Church becomes a home


Boone Co. structure built in 1851

By Karen Samples
The Cincinnati Enquirer

        Without power tools, nails or steel, they built a church that stood for 150 years. On Thursday, their work was reverently dismantled by people determined to save it.

        The hand-hewn timbers, beams and studs of the old Gunpowder Baptist Church soon will become the framework of a home for Ruth Wade Cox Brunings, 67, who was raised on a farm in Boone County.

        Over the next eight months, log-cabin expert Terry Sawyer will painstakingly reassemble the church on Mrs. Brunings' family farm, adding only a few interior features to make it a home.

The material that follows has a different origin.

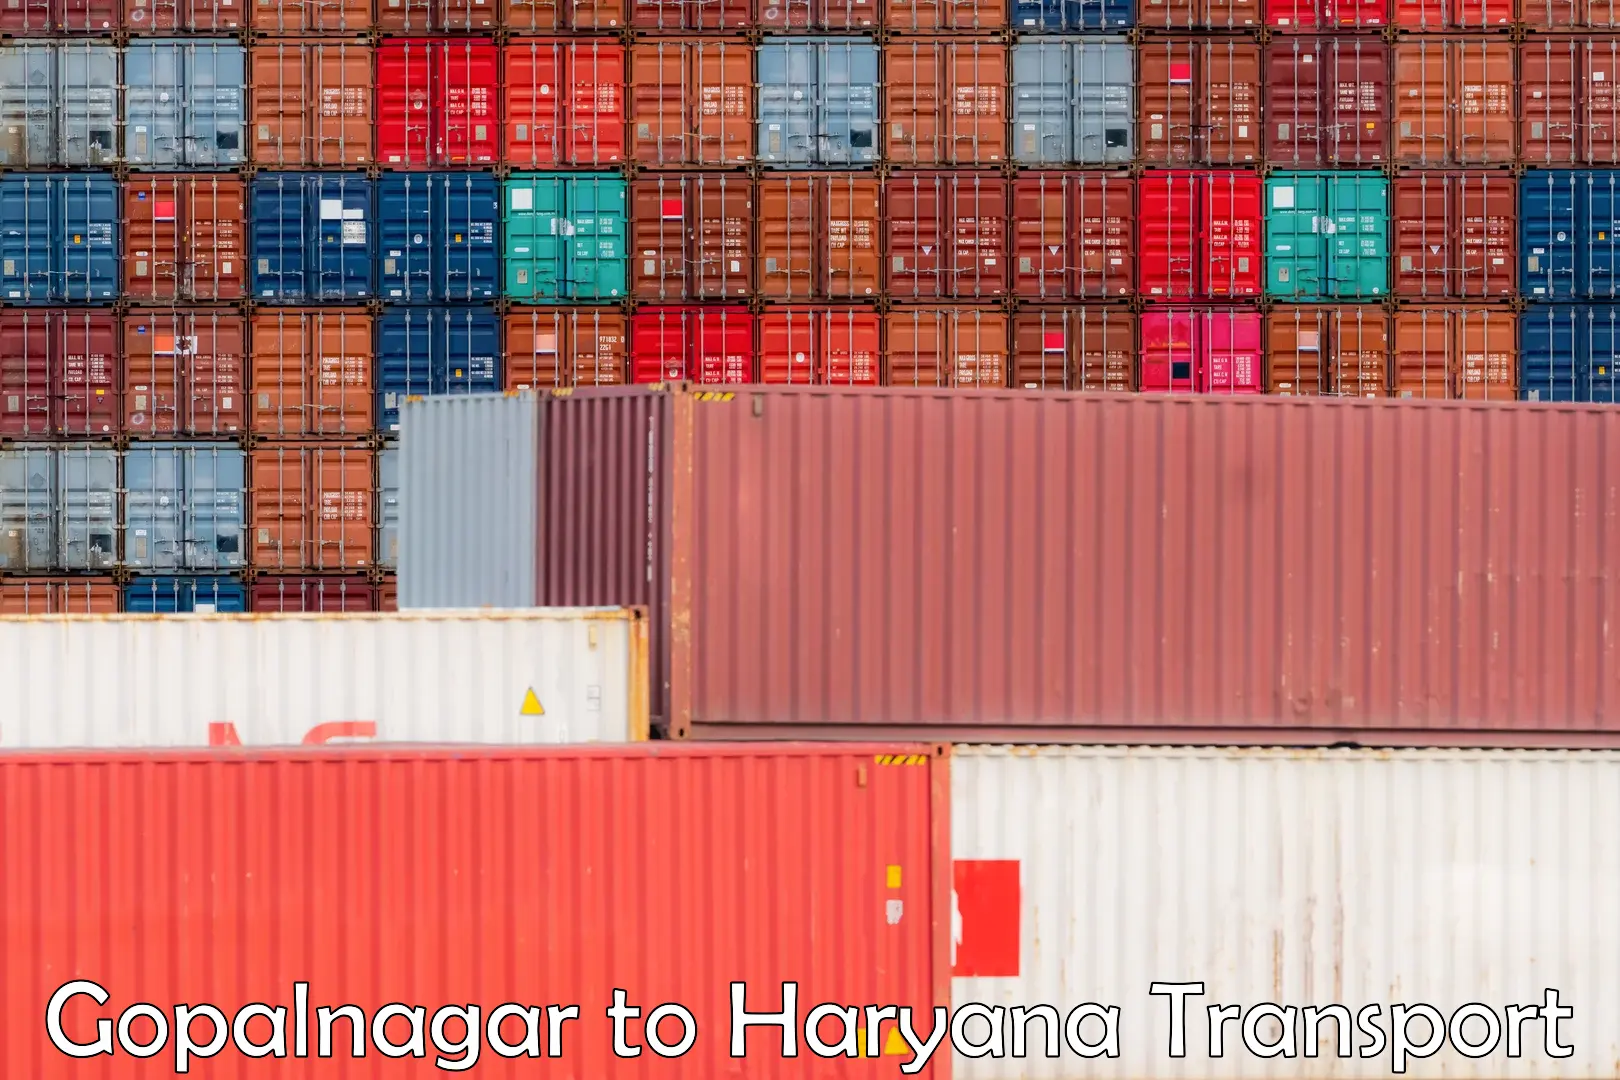 International cargo transportation services Gopalnagar to Ellenabad
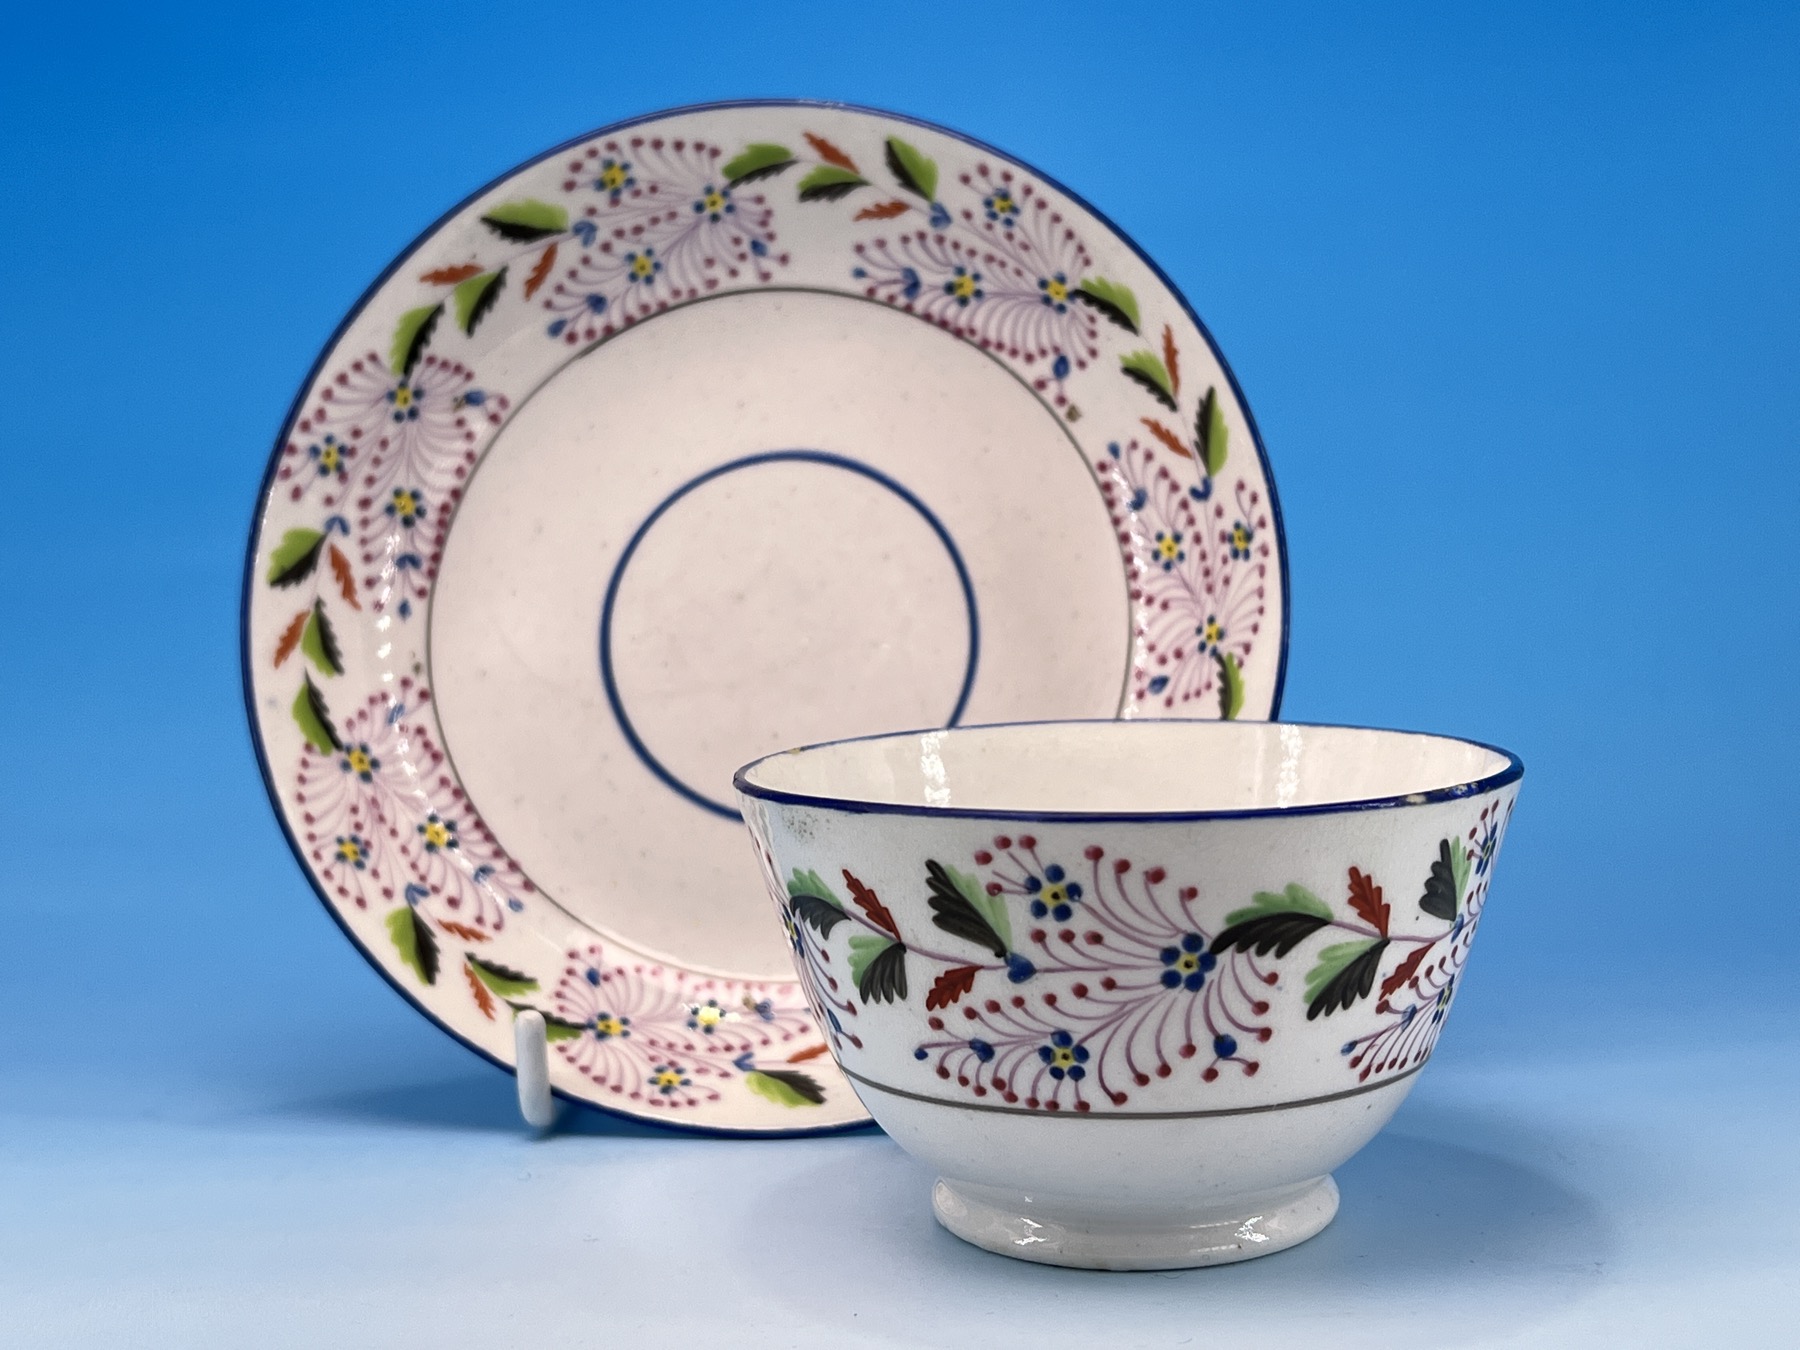 Machin porcelain tea bowl & saucer, pat. 19, circa 1810

        “I feel like I'm honoring (our) ancestors,” Mrs. Brunings said as she stood in the shell of the old church on Thursday.

        Around her, Mr. Sawyer's helpers pried up floor joists. Outside, the north fork of Gunpowder Creek gurgled, and sunlight glinted off the yellow leaves of sycamore trees along its banks.

        Gunpowder Baptist Church was built in 1851 and was last used for worship in 1939. In subsequent years, it functioned as a barn. Mr. Sawyer had to remove piles of hay and corncobs before salvaging its parts.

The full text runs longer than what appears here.